Parashat Kedoshim begins with famous command of “kedoshim tiheyu” – “you shall be sacred,” and then continues, “for I, the Lord your God, am sacred.” The Midrash (Vayikra Rabba 24:9) explains this phrase as intended to dispel the possible misconception that we are bidden to be as sacred as He is. We might think that the command “kedoshim tiheyu” requires us to be as sacred as God Himself, and so God added, “for I…am sacred,” emphasizing that His sanctity will always exceed ours, and so we are not required to strive for His standard of sanctity.
Many writers noted the obvious question as to why anyone would have entertained such a notion, that the Torah demands that we be as sacred as God. Was there any doubt that God’s sanctity exceeds any level of sanctity that we could possibly aspire to?
Rav Avraham Yehoshua Heschel of Apta, the Oheiv Yisrael, explains the Midrash’s comment by noting the Gemara’s teaching in Masekhet Berakhot (6a) that God wears tefillin. Whereas our tefillin contains parchment upon which is written verses that speak about God and our commitment to Him, God’s tefillin contain the verse, “And who is like Your nation, Israel, a singular nation on earth” (Divrei Hayamim I 17:21). The Rebbe of Apta explains that needless to say, God does not actually wear tefillin, but the Gemara speaks of God’s deep love and devotion to Am Yisrael. Just as we wear tefillin as a symbolic expression of our connection to God, how we wish to bind ourselves to Him and His will, similarly, God binds Himself, as it were, to His beloved nation.
The Rebbe of Apta suggests explaining the Midrash’s remark in a similar vein. One might have thought that we must strive for a level of “sanctity” – of devotion to God – that resembles His devotion to us. The misconception the Midrash seeks to dispel is that we are capable of committing ourselves to the Almighty to the same extent as He commits Himself to Am Yisrael. The Midrash teaches that this is impossible, because no human can be as devoted as God is devoted to His cherished nation.
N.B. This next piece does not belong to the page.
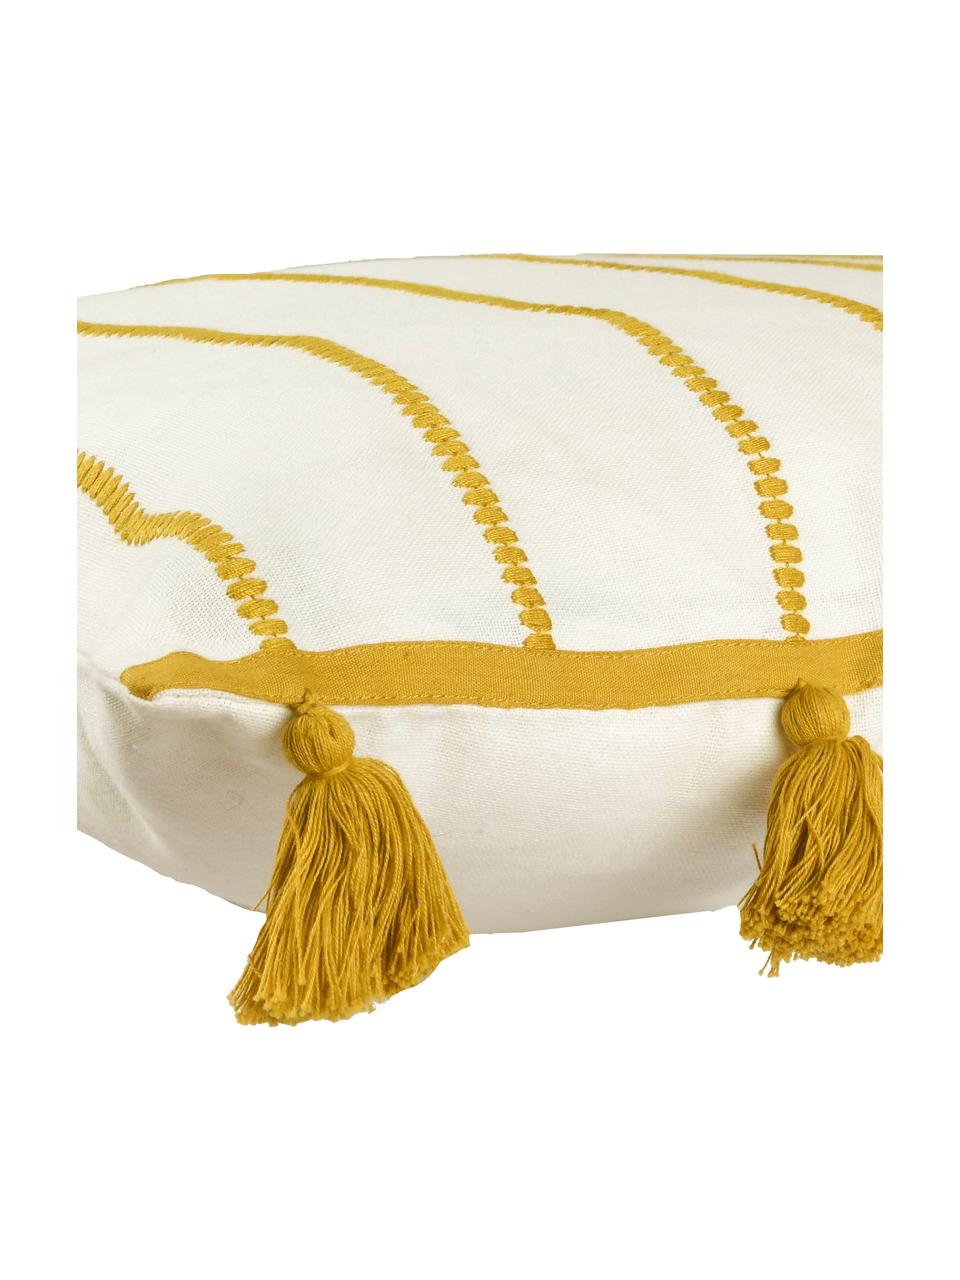 Kissenhülle Blanket mit Quasten, 100% Baumwolle, Gelb, Weiss, 50 x 50 cm

Limited as we are by our human constraints, we cannot possibly match His level of commitment to us.
According to the Oheiv Yisrael, then, the Midrash here seeks to teach us to recognize and appreciate the extent of God’s love for Am Yisrael, to recognize that His devotion to us exceeds any level of devotion that any human being is capable of achieving. We are to live with a deep sense of gratitude for, and trust in, God’s unbridled benevolence and kindness, acknowledging His deep love for His nation and His unconditional devotion to assisting us in overcoming whatever challenges we confront.